With such a disastrous failure, Anakin decides upon a desperate measure, by which he and a small attack group of two troop-transports fly directly to the ICC to rescue the hostages. Skywalker, in his element, destroys almost all droids in his path, leaving the troops behind him in awe, and with nothing to shoot at. Reaching the hostages, Anakin is shocked as a woman reminds him so much of his mother. As she is killed, we see Skywalker become an avenger, treading perilously close to the dark side of the Force. Jedi Master Nejaa Halcyon, as well as Grand Master Yoda - and, indeed Darth Sidious - all feel the disturbances in the Force at this, though only one yet understands their meaning. Anakin's rampage only ends before murdering Pors Tonith, as he hears Qui-Gon Jinn's voice reaching him through the Force, telling him to use the Force for good, not destruction. Although Anakin initially brings himself out of his rage, it is only temporarily suppressed, to be brought out later once again.
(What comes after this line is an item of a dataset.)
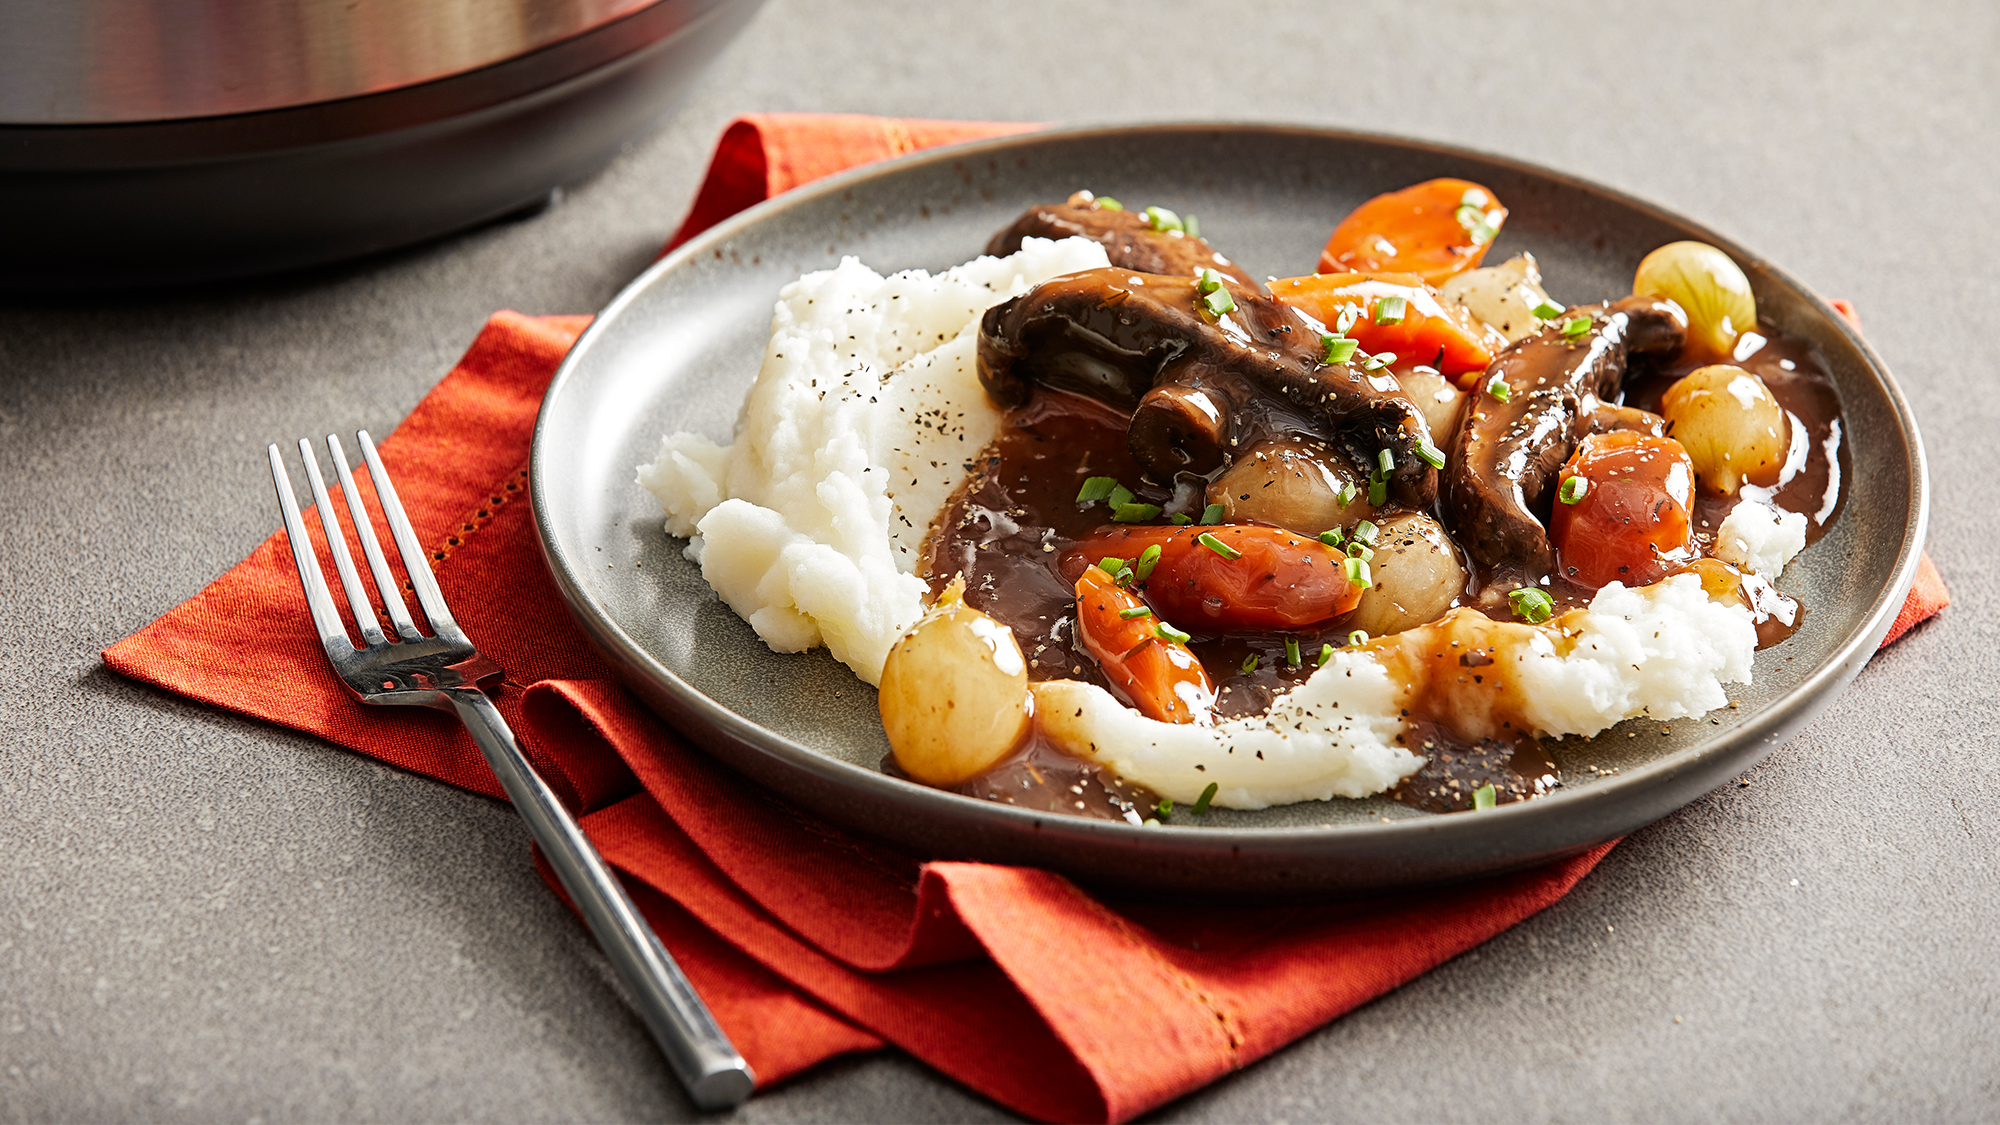 slow_cooker_vegan_portobello_pot_roast2000x1125.jpg

Though their objectives had been achieved, as well as Pors Tonith having been captured by Skywalker's actions, the Separatists' relief-fleet arrives under a cloaking device. In the battle, Anakin is again in his element, with Master Halcyon becoming more his wingmate than commander. Skywalker, although being called back, seemingly decides to sacrifice himself in order to destroy the enemy flagship. To Halcyon's horror, Anakin disappears in the blast of the Separatist relief-fleet's explosion. Later, however, in the midst of mourning Anakin and celebrating victory, Skywalker's craft returns, much to everyone's surprise. Anakin later explains his seeming resurrection, saying how he had installed a hyperdrive engine in his starfighter, enabling him to escape from the blast, with his split-second timing, stemming from his immense Force-sensitivity.

On his return to Coruscant, the Jedi Council, overbowed with exceptional reports of Anakin's performance, finally agree to grant him Knighthood in the order.